# Insurance nightmare!!



## rowley (Jul 15, 2006)

Can some one please help, i want to buy a gts-t and have found a relly nice one but the problem is insurance! The car has been seriously upgraded by Abbey Motors. I'm 29, no convictions full no claims but the best quote is £1350! HELP!!


----------



## TREG (May 20, 2004)

Give "A PLAN" a call mate,there the best.

08450 711234


----------



## rowley (Jul 15, 2006)

Cheers Treg, just wondering do i have to declare *every* mod?


----------



## Mookistar (Feb 5, 2004)

its advisable to declare as much as you can

i currently pay £880 with A plan on a 33 GTR and i'm only 28, so they should be able to help you

mook


----------



## TREG (May 20, 2004)

Mookistar said:


> its advisable to declare as much as you can
> 
> i currently pay £880 with A plan on a 33 GTR and i'm only 28, so they should be able to help you
> 
> mook



What sort of spec is your car Mook?


----------



## Mookistar (Feb 5, 2004)

abbey stage 1

exhaust, filters, 1 bar boost, after market wheels, and a few other small mods (vspec shocks, trust springs etc)

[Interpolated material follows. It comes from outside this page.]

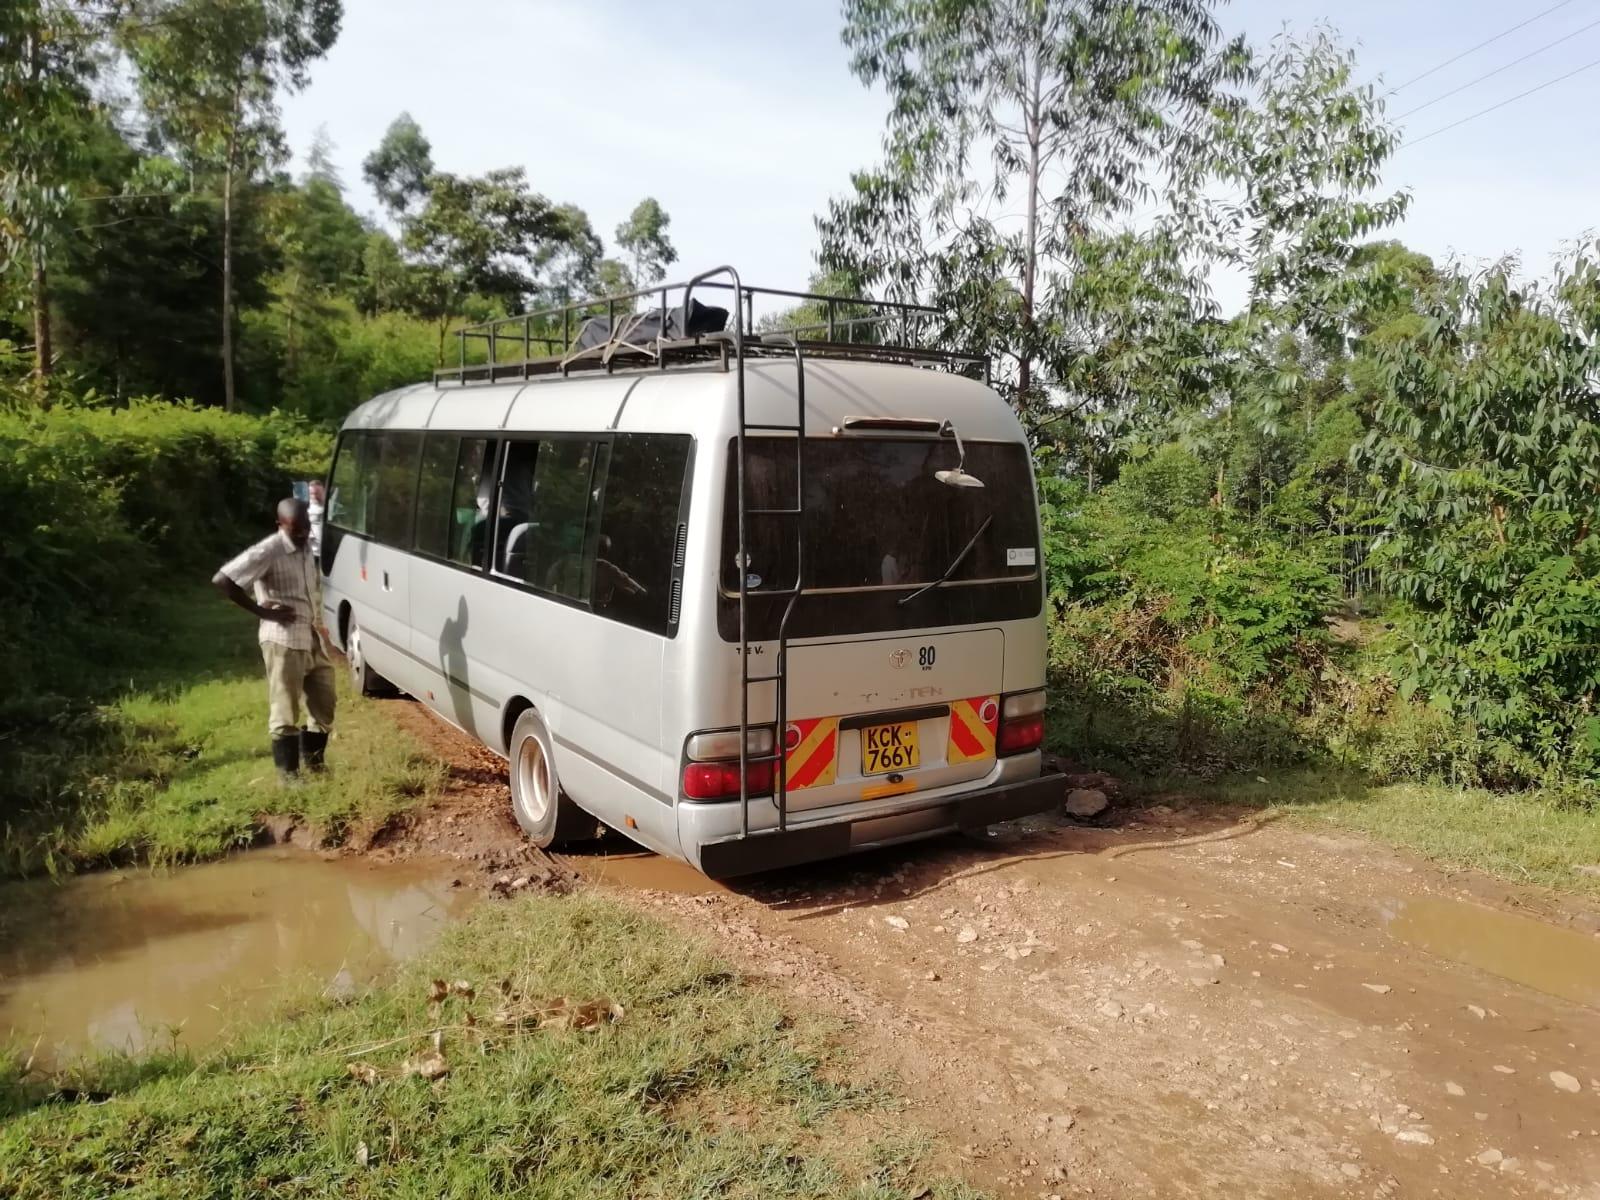 Kenia West 2020

329 bhp at the hubs on dynapack

mook


----------



## TREG (May 20, 2004)

Mookistar said:


> abbey stage 1
> 
> exhaust, filters, 1 bar boost, after market wheels, and a few other small mods (vspec shocks, trust springs etc)
> 
> ...



Im 30.

1.2 Bar boost
Gtss Turbos
Exhaust,filters,wheels.

£955


----------



## Mookistar (Feb 5, 2004)

they rock don't they


----------



## TREG (May 20, 2004)

Mookistar said:


> they rock don't they




 :clap: Yes mate


----------